All’interno delle Scritture Francesco privilegia il riferimento al Nuovo Testamento e in particolare ai vangeli. Anzi, al Vangelo, che egli nomina rigorosamente sempre e solo al singolare. Perché nei differenti vangeli è sempre lo stesso Cristo che parla. E che parla oggi, qui e ora. Frequente è l’espressione sicut dicit Dominus seguita da una citazione evangelica (FF 13; 33), oppure dicit Dominus in evangeli (FF 8; 19; 44) o, semplicemente, dicit Dominus (FF 42; 56). Francesco non usa il verbo al passato, perché nel Vangelo il Signore parla attualmente, parla a Francesco e ai suoi frati nel loro oggi. Le indicazioni per la missione rivolte un tempo da Gesù ai discepoli, per Francesco sono parole che riguardano i frati che partono per la missione «tra i saraceni»: «Dice il Signore: “Ecco, io vi mando come pecore in mezzo ai lupi.
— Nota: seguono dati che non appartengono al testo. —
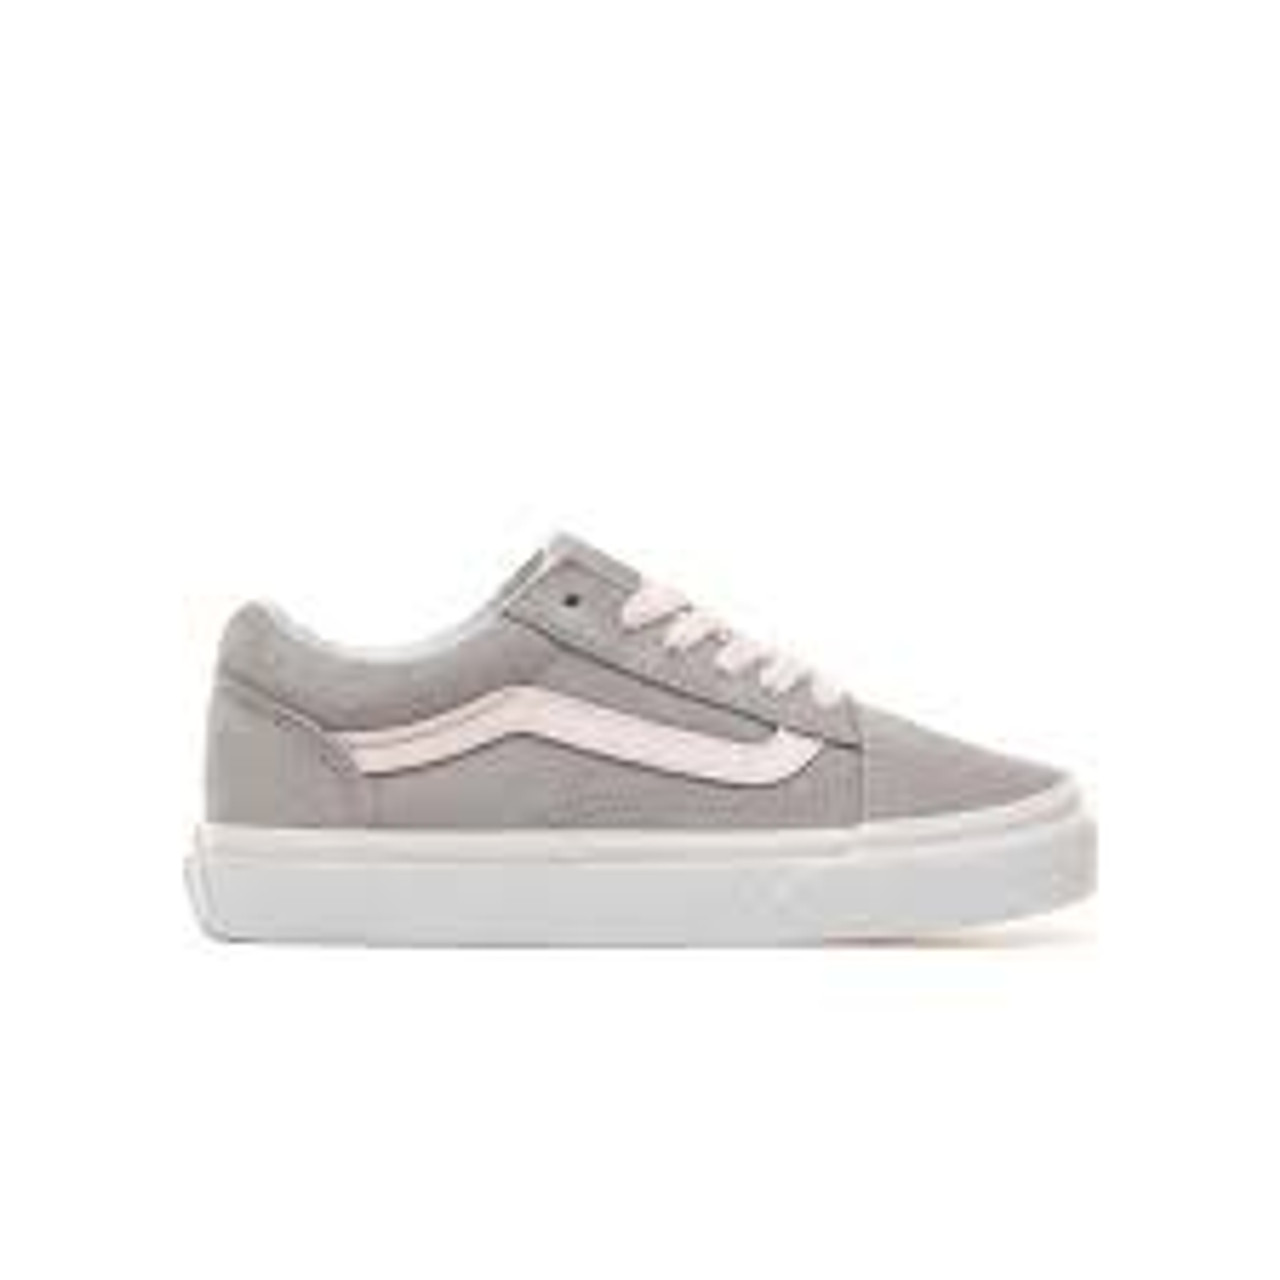 wat betreft dorst schors Vans Youth Shoes - Old Skool - Suede/Alloy/Heavenly Pink/White - Surf and  Dirt

Siate dunque prudenti come serpenti e semplici come colombe” (Mt 10,16)» (FF 42). Nel Vangelo parla Cristo: il testo biblico, e particolarmente il Vangelo, è presenza di Cristo.
Emerge una concezione sacramentale della Scrittura per cui si deve «onorare nelle sue parole il Signore che le ha pronunciate» (FF 225). L’approccio di Francesco alla Scrittura non è intellettuale, non è mosso da interesse storico, ma coinvolto, partecipe, vitale, teso a dare forma all’esistenza cristiana. Tanto che possiamo vedere l’intera sua vita di radicalità cristiana come esegesi del Vangelo, anzi, la possiamo inquadrare tra la lettura iniziale dei Sinottici e la lettura finale del IV vangelo, quasi a indicare un percorso e un’evoluzione spirituale che porta Francesco a privilegiare il vangelo giovanneo. Tommaso da Celano narra l’episodio in cui Francesco, dopo aver ascoltato durante la Messa la lettura del brano evangelico presente nei Sinottici relativo al mandato della predicazione e all’invio dei discepoli in radicale povertà, ha chiesto spiegazioni del passo al sacerdote e quindi ha esclamato: «Questo voglio, questo chiedo, questo bramo di fare con tutto il cuore» (FF 356). Il testo è interessante anche per la sua dimensione simbolica: la parola di Dio è consegnata a Francesco dalla Chiesa, in una tradizione che nella liturgia trova il suo strumento privilegiato, e certamente la liturgia è stata il tramite fondamentale della conoscenza della Scrittura per Francesco.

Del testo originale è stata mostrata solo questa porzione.